Gemäß § 5 Absatz 2 Satz 1 bis 3 des Gesetzes über die Umweltverträglichkeitsprüfung in der Fassung der Bekanntmachung vom 24. Februar 2010 (BGBl. I S. 94), das zuletzt durch Artikel 2 des Gesetzes vom 12. Dezember 2019 (BGBl. I S. 2513) geändert worden ist, wird Folgendes bekannt gemacht:

Die N1 Ingenieurgesellschaft mbH, Industriestraße 1, 08280 Aue, beantragte bei der Landesdirektion Sachsen mit Schreiben vom 13. August 2019 für die Stadt Thalheim, Hauptstraße 5, 09380 Thalheim, gemäß § 70 Absatz 1 Halbsatz 2 des Wasserhaushaltsgesetzes vom 31. Juli 2009 (BGBl. I S. 2585), das zuletzt durch Artikel 2 des Gesetzes vom 4. Dezember 2018 (BGBl.
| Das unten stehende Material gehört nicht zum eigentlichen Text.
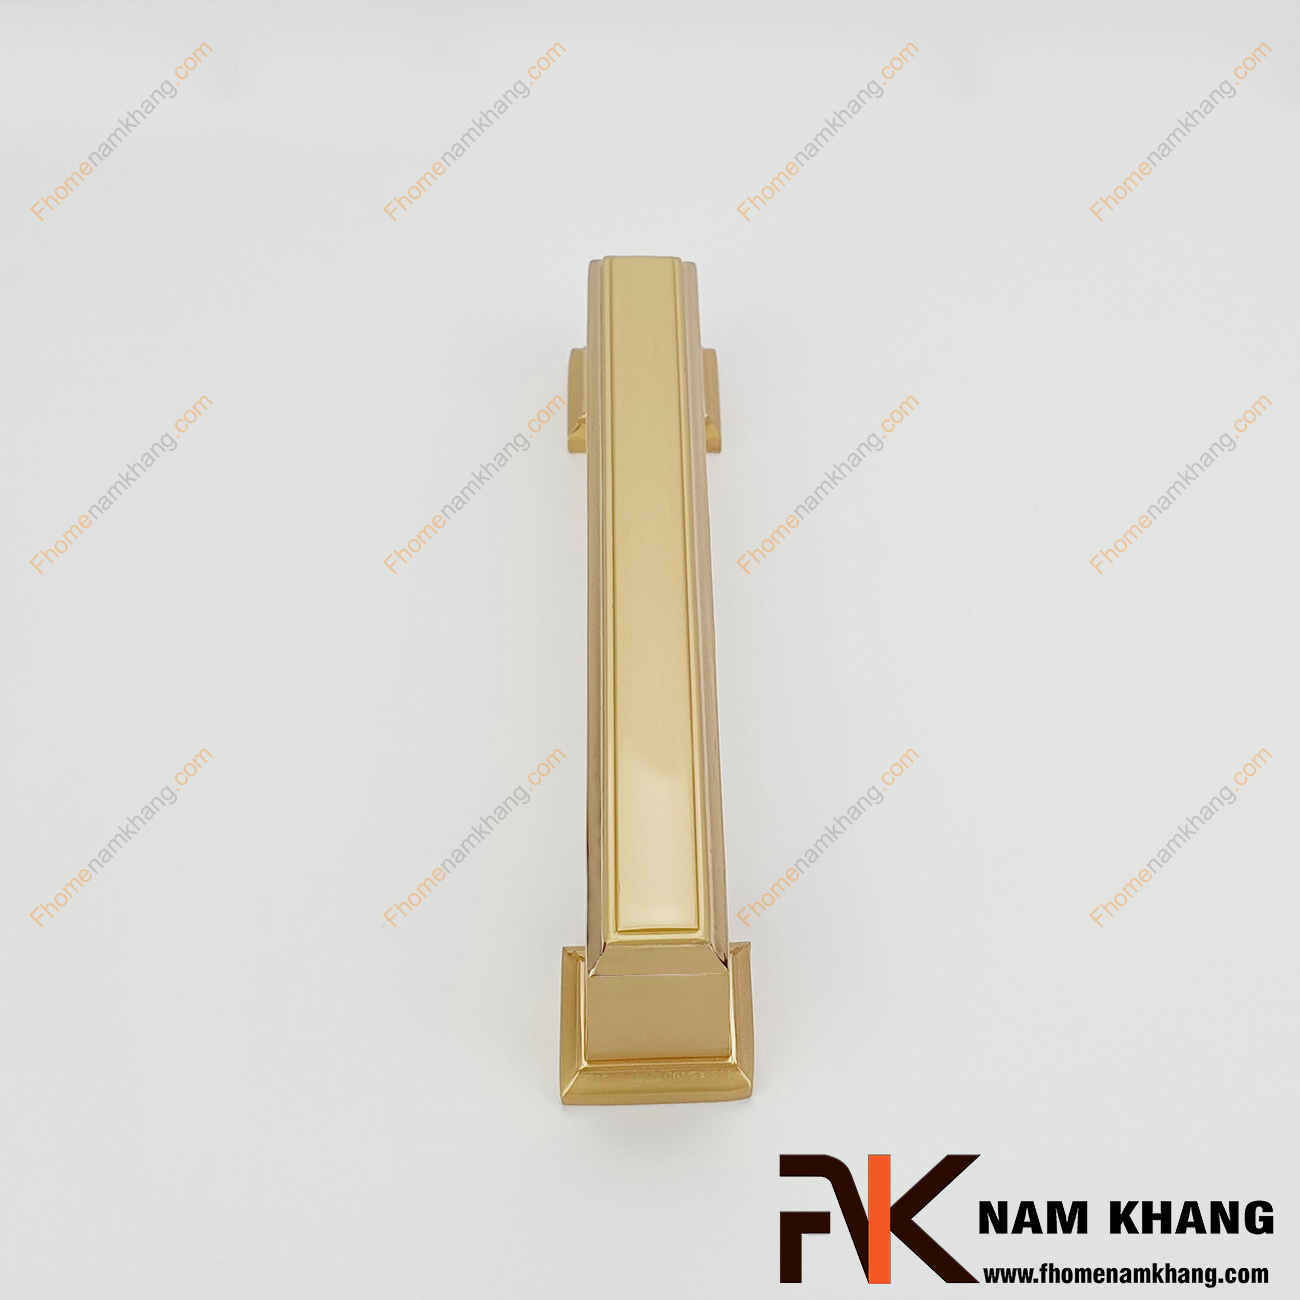 Tay nắm tủ dạng vuông màu vàng viền ánh kim NK230-VK - Thiết kế tay nắm tủ đơn giản với toàn bộ phần thân và đế tay nắm vuông và có các đường kẻ tạo điểm nhấn cho một sản phẩm chất lượng.

I S. 2254) geändert worden ist, in Verbindung mit § 1 des Gesetzes zur Regelung des Verwaltungsverfahrens- und des Verwaltungszustellungsrechts für den Freistaat Sachsen vom 19. Mai 2010 (SächsGVBl. S. 142), das durch Artikel 3 des Gesetzes vom 12. Juli 2013 (SächsGVBl. S. 503) geändert worden ist, und § 74 Absatz 6 des Verwaltungsverfahrensgesetzes in der Fassung der Bekanntmachung vom 23. Januar 2003 (BGBl. I S. 102), das zuletzt durch Artikel 5 Absatz 25 des Gesetzes vom 21. Juni 2019 (BGBl. I S. 846) geändert worden ist, die Prüfung, ob für das Vorhaben „Thalheim, Instandsetzung Bachverrohrung und Offenlegung Gewässer im Bereich Fickergrund Wasser - Hochwasserschadensbeseitigung (Ident-Nr.: 3927)“ eine Verpflichtung zur Durchführung einer Umweltverträglichkeitsprüfung besteht und hat damit gemäß § 5 Absatz 1 des Gesetzes über die Umweltverträglichkeitsprüfung das Verfahren zur Feststellung der UVP-Pflicht eröffnet.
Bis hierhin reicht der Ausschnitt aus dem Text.